The cardinal has come under fire in recent weeks for his comments made on Peru’s Independence Day expressing concern about the final report of the Commission on Truth and Reconciliation (CTR), which slammed the Church for its actions in Ayacucho, Apurimac, and Huancavelica during the country’s decades-long battle with terrorism.

During his radio program, “Dialogue of Faith,” the cardinal explained that the Church must, “make the effort to teach people respect for the truth, because hope springs forth from that truth and that freedom.” Yet when those who cheat and steal have more friends and are more successful, “one feels discouraged because one wonders, what’s point of behaving properly if it gets you nowhere. Better to be smart and fool others in order to successful,” the cardinal said.

“Let us value the truth and respect each other’s word, let the vengeance and persecution driven by political motive cease, let us allow the judicial system to function according to its norms,” he stated.

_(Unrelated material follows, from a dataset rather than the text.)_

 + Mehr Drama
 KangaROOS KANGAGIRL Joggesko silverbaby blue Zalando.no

Cardinal Cipriani also chided bishops for attempting to justify erroneous public comments by saying they are making them in their own name and not in the Church’s.  “This confuses people greatly.  Every word said by a bishop must, in some way, reflect the doctrine of the Church, and if this isn’t the case then he is a heretic or an apostate.  He has abandoned true doctrine or is teaching falsehoods,” he warned.

Regarding the final report of the Commission on Truth and Reconciliation (CTR), Cardinal Cipriani said it should have been more objective and balanced.  “If a Commission has been given a moral responsibility it should act as such, and therefore be very careful in being objective in its judgments,” he said.

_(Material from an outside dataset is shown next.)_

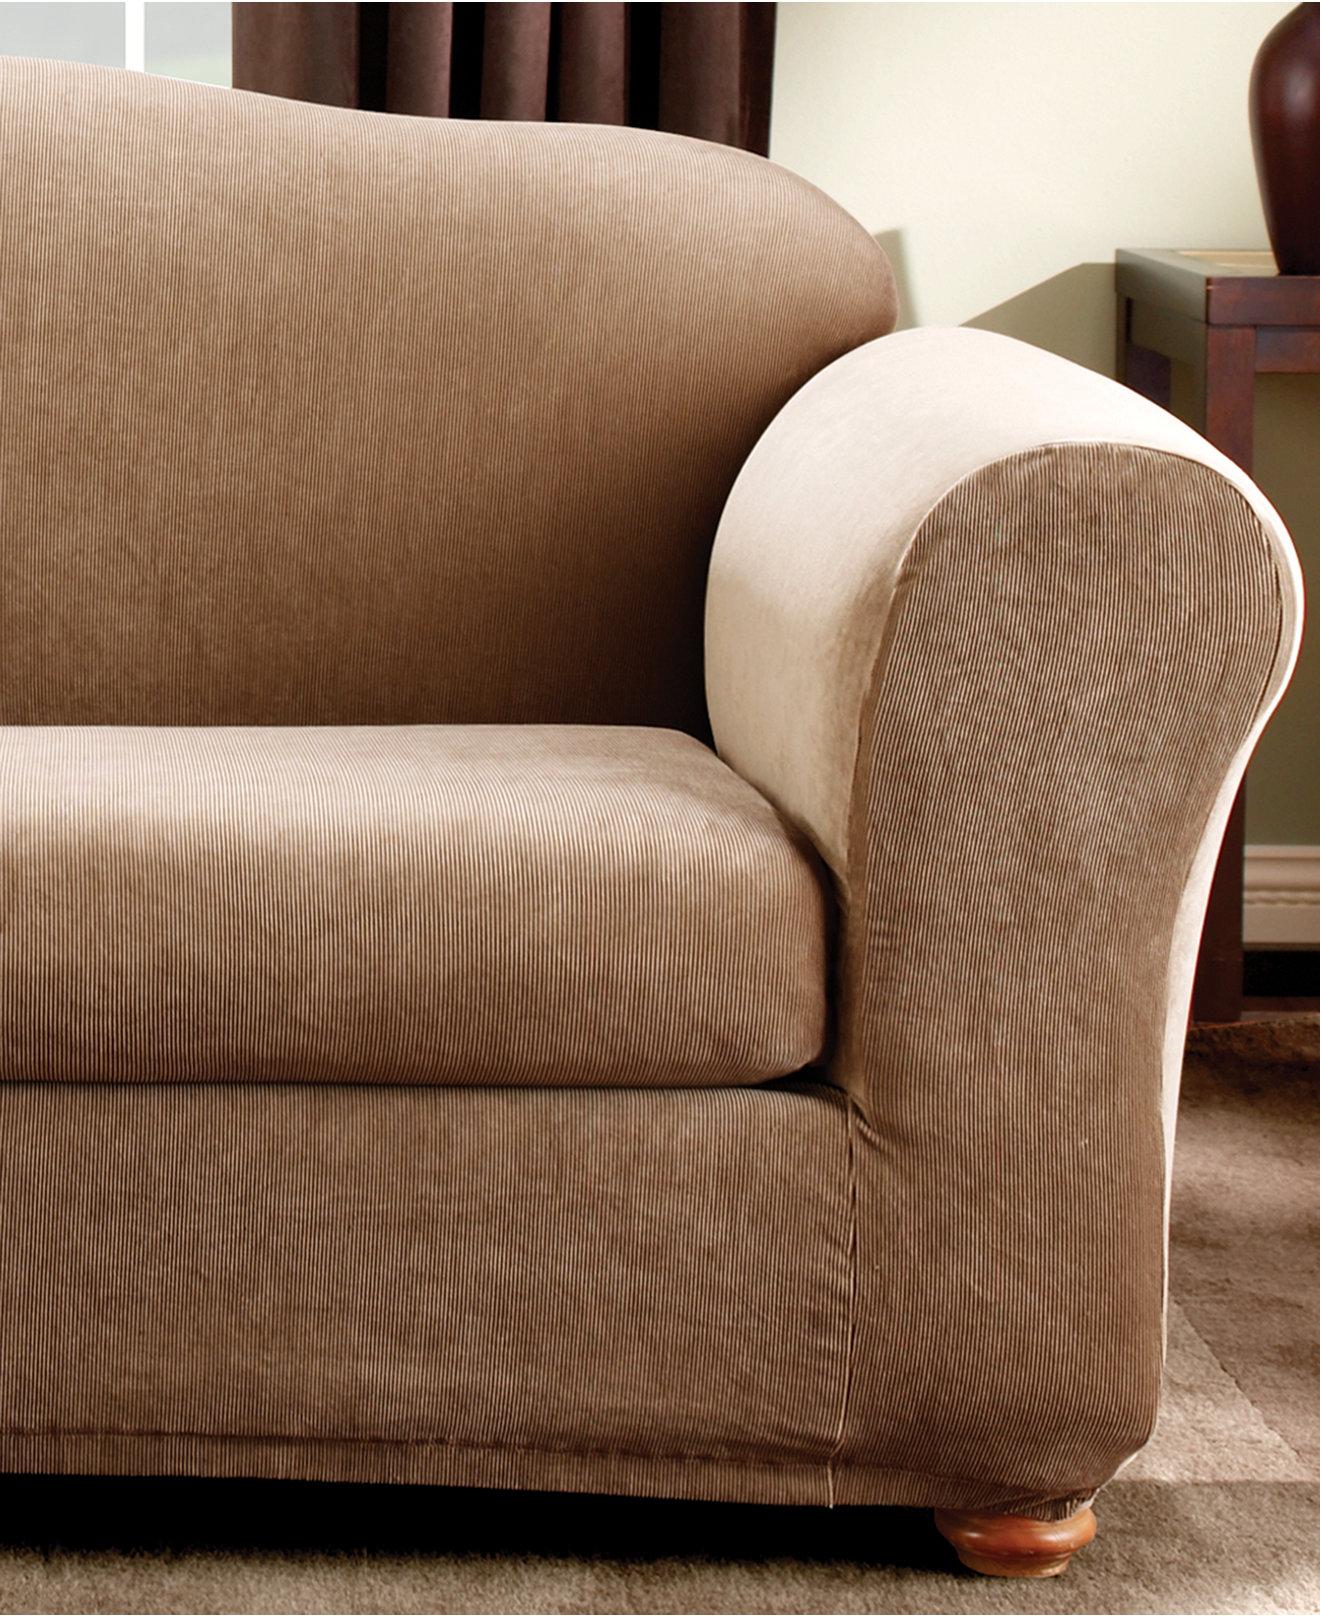 Image Of Modular Sectional Sofa Covers

“The CTR had the grave responsibility to be extremely transparent in all its work. I realize it was not an easy task but at the same time, they forgot to talk to the bishops of Huancavelica and Abancay. That is, the CTR did not talk with those that it has passed judgment on in its final report, and that was too big of an oversight,” he added.

The CTR was commissioned by the Peruvian president in 2001 to investigate violations of human rights during the decades-long battle with the terrorist organizations Shining Path and Tupac Amaru.  However, in 2003 it published a controversial report accusing several Church leaders of “hindering” the defense of human rights.  Cardinal Cipriani, who at the time was Archbishop of Ayacucho, was one of the Church officials named in the report.

The CTR report has come under intense fire from critics across the board due to its statistics on the number of deaths that occurred during the civil strife.  Another government committee has also raised questions about the CTR’s handling of the $1 million dollars it was given for its task.